Gazprom CEO Alexei Miller met with Russian President Vladimir Putin at the Kremlin to discuss corporate results for last year. Miller told the president that full-year gas production amounted to about 1.47 billion cubic feet, which was less than in 2014.
"This was sufficient to cover in full reliable and stable supplies for export markets and for our own country's needs," he told the president.
Gazprom meets about a quarter of the gas needs for Europe. Miller said Germany was the lead consumer, with demand growing more than 40 percent from the start of last year. Supplies to France are up 73 percent.
"There is therefore no doubt the projects to build new gas transport routes to Europe, to northwest Europe, are economically justified and backed up by the growing demand that we see right now," the CEO said.
Gazprom aims to add more infrastructure to its twin Nord Stream natural gas line running through the Baltic Sea to Germany. A project for southeastern Europe dubbed Turkish Stream, a scaled-back version of its South Stream project, has faced obstacles because of diplomatic strains between Moscow and Ankara.

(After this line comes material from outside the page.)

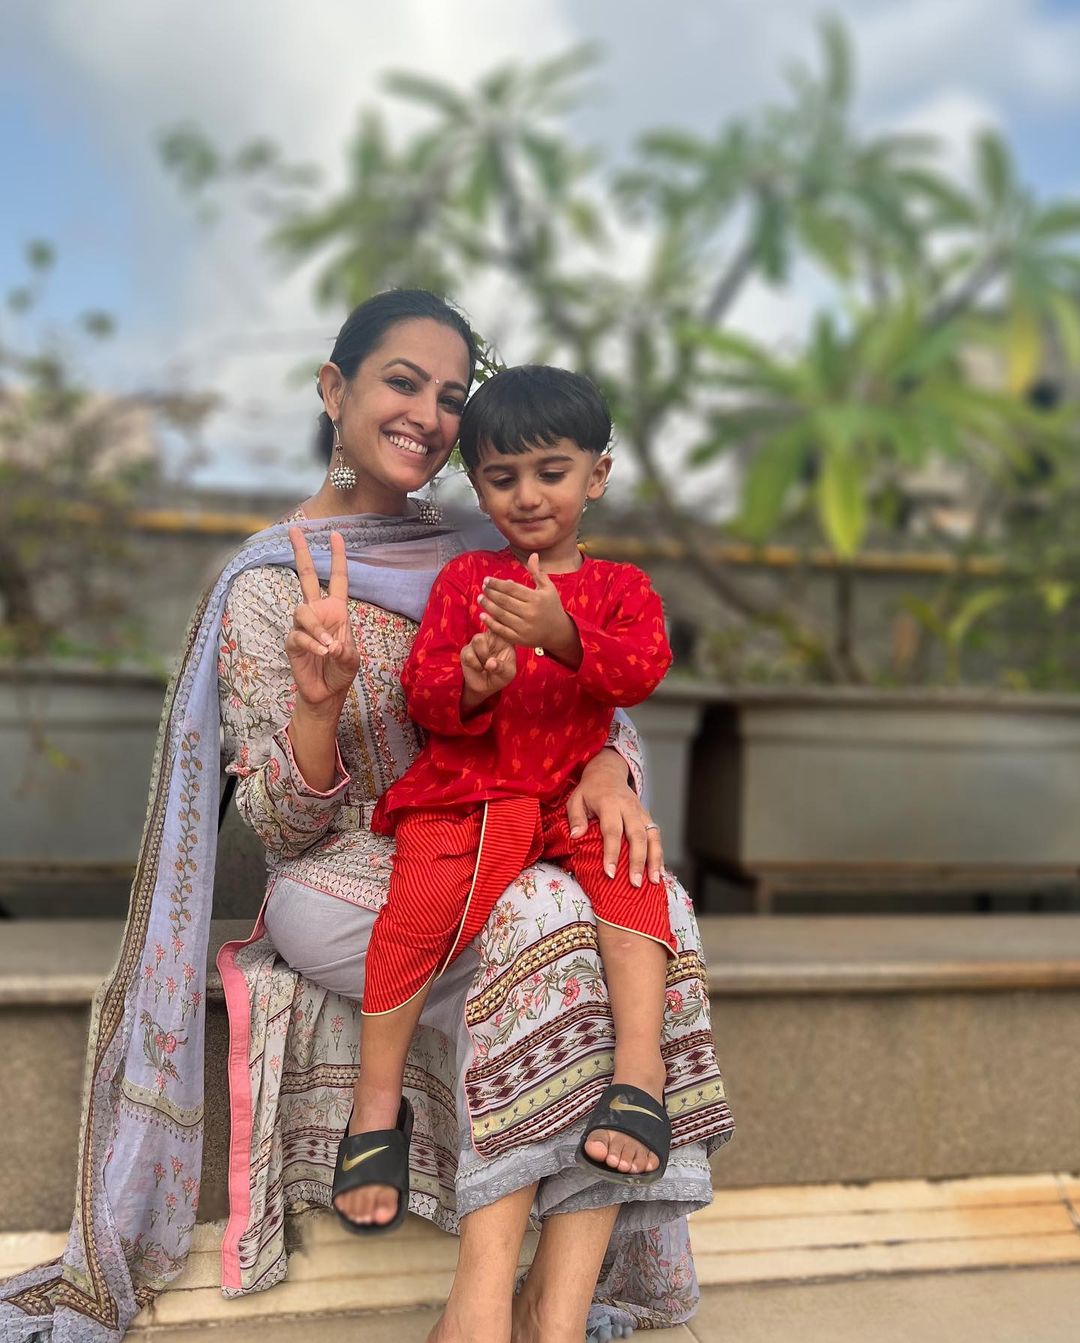 Actress Anita Hassanandani Shared A Video Of Her Son Who Cheers For The Indian Cricket Team. She Shared That He Was Already Got His Cricket Idol Sorted

Maros Sefcovic, a lead energy official in the European Commission, warned last week some countries in Eastern Europe may be vulnerable to the control Gazprom has over the regional energy sector. Rows between Russia and Ukraine, through which most of the Soviet-era gas pipelines run, have threatened supplies to downstream consumers in Europe, prompting a bloc-wide push for diversification.
Sefcovic said last year the European community was examining new strategies for bringing liquefied natural gas to the European market.
Cheniere Energy, which last week shipped the first-ever batch of LNG sourced from the United States, signed a sales agreement last year with French energy company EDF. The French company said securing U.S. gas would help diversify a European energy sector that depends heavily on Russia.